Prose and Poetry from Web del Sol


 

CELEBRITY

Why do we claim your celebrity,
coming only as it did with your winter
death? In February, after the memorial service—
though not the burial, which won't come until
spring when the ground's warm as milk or epidermis—
we clot outside the church, form groves
against the wind, and pass your name around
like a plate. Mrs.
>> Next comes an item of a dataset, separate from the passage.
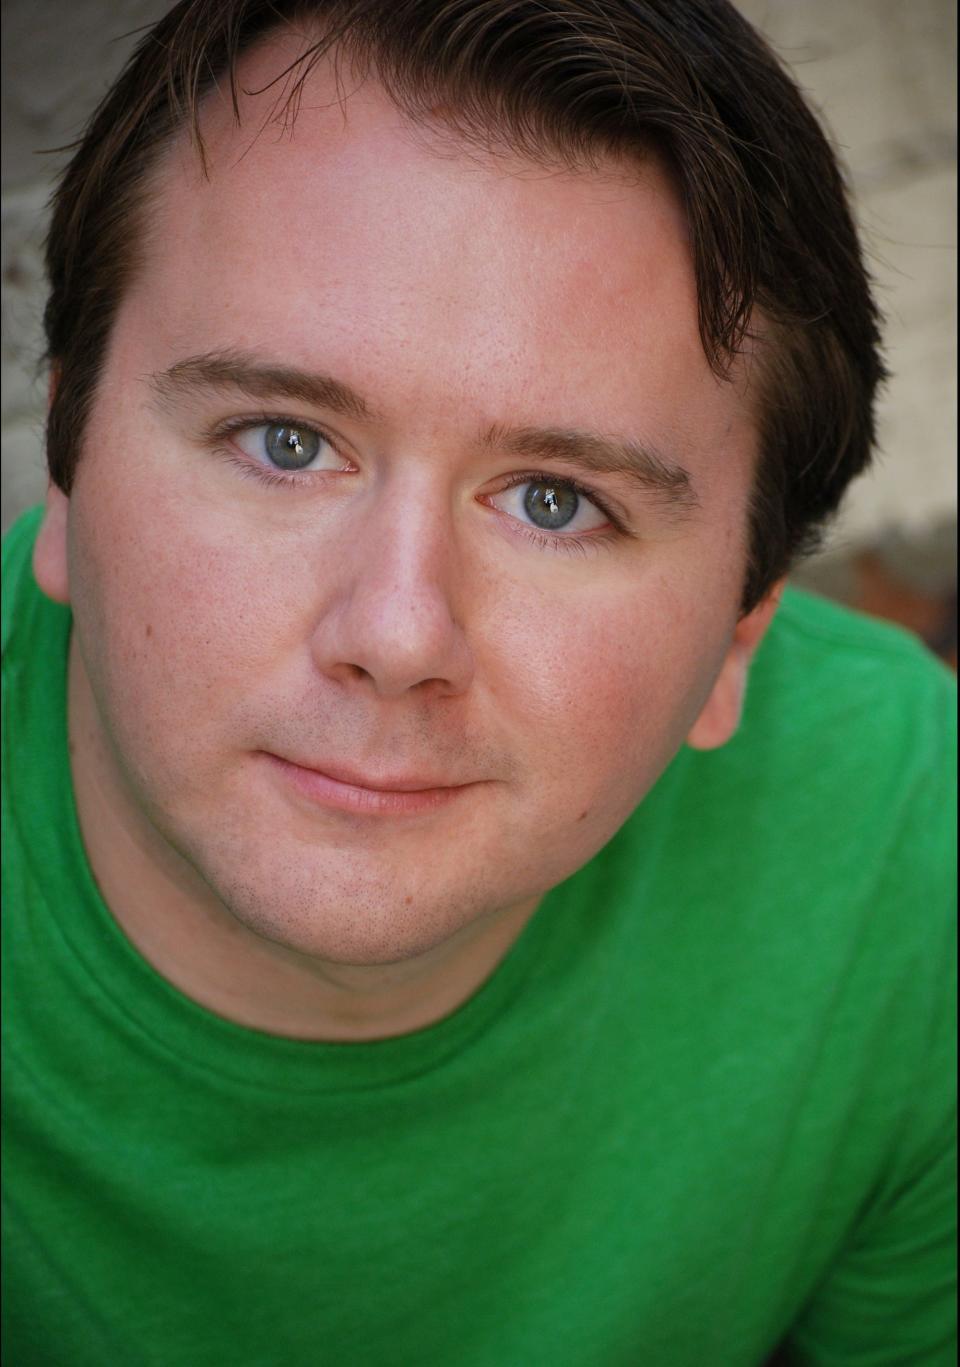 Scott Cote reprises the role he played in the national tour of “The Play That Goes Wrong” at Florida Studio Theatre.
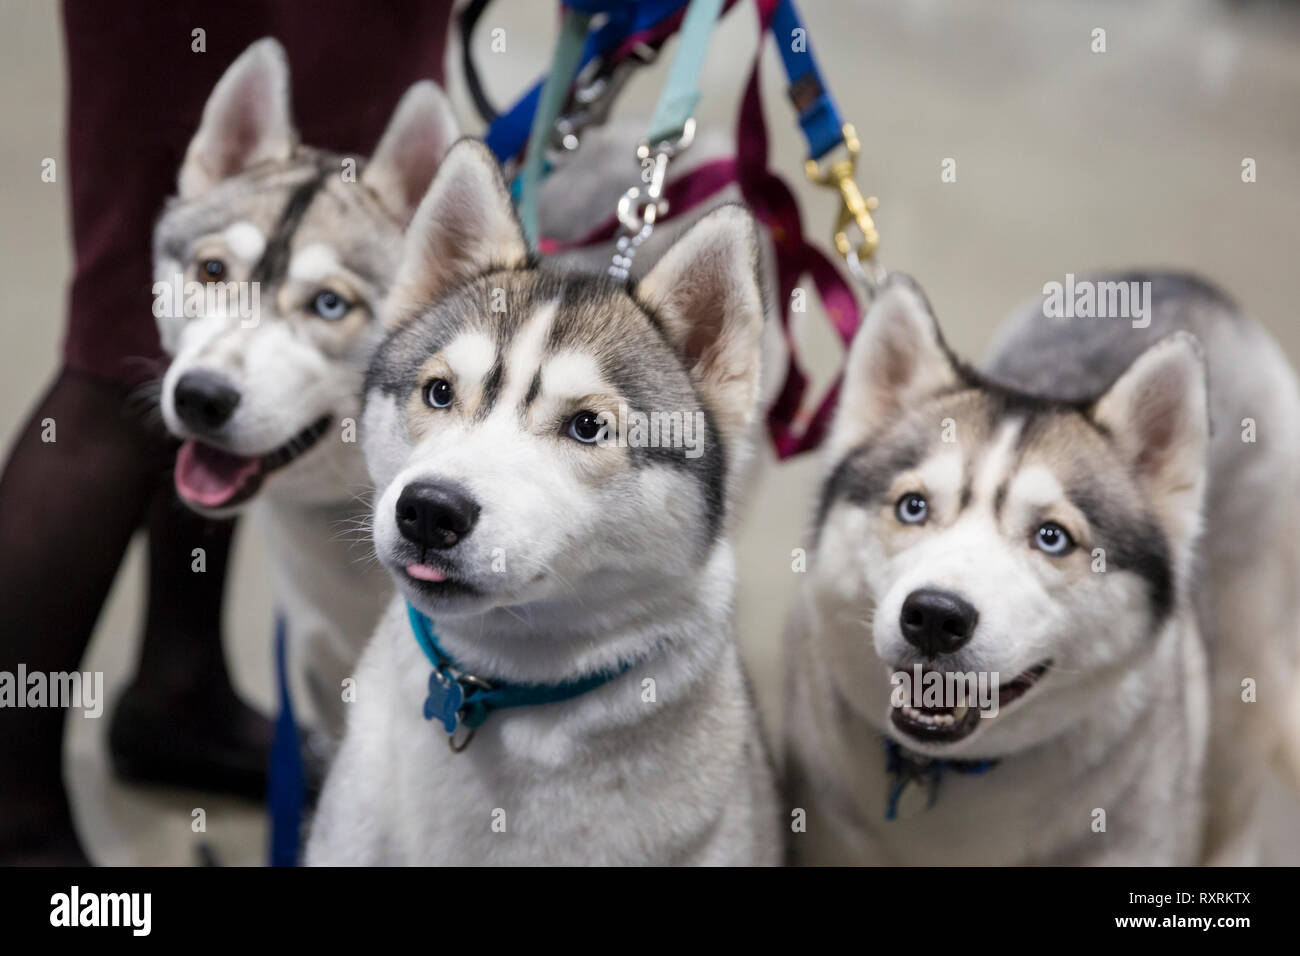 Seattle, USA. 09th Mar, 2019. A family of Huskies at the 2019 Seattle Kennel Club Dog Show. Approximately 160 different breeds participate in the annual All-Breed dog show. Credit: Paul Christian Gordon/Alamy Live News Stock Photo

Des Rochers—the obligatory
blue-haired lady with the spot on her head in the shape of Elvis
Costello or Jesus—wants us to believe she's been crying
but we all know better, the shared wisdom of the town
and of the winter moving through us like a charge,
like we had all joined hands to make a chain
and the one on each end would reach
to the electric mouth of the hand dryer
shiny in the men's bathroom on the first floor
of the old Houghton High School building
that’s now a cluttered ruin. You'd huck your voice
around in class like you would a hoop
and get us all to move with you
to the bathroom, no spit-dirty chickens now
to put our mettle to your test. How
if we all held hands, that lusty electric mix
would assure and course right through us
like you coursed through the ice
and down through the lake
until you reflected off the bottom
in your one great flash bulb
terror of a moment
and maybe we would see your face
scouring the bottom of the ice
like curlers with their brushes do
or cartoonish talk show guests, elbowing
the inside curve of the television screen
and when one of us broke the electric link,
we'd all feel the jolt that was I thought, like birth
or death, a shock and something new.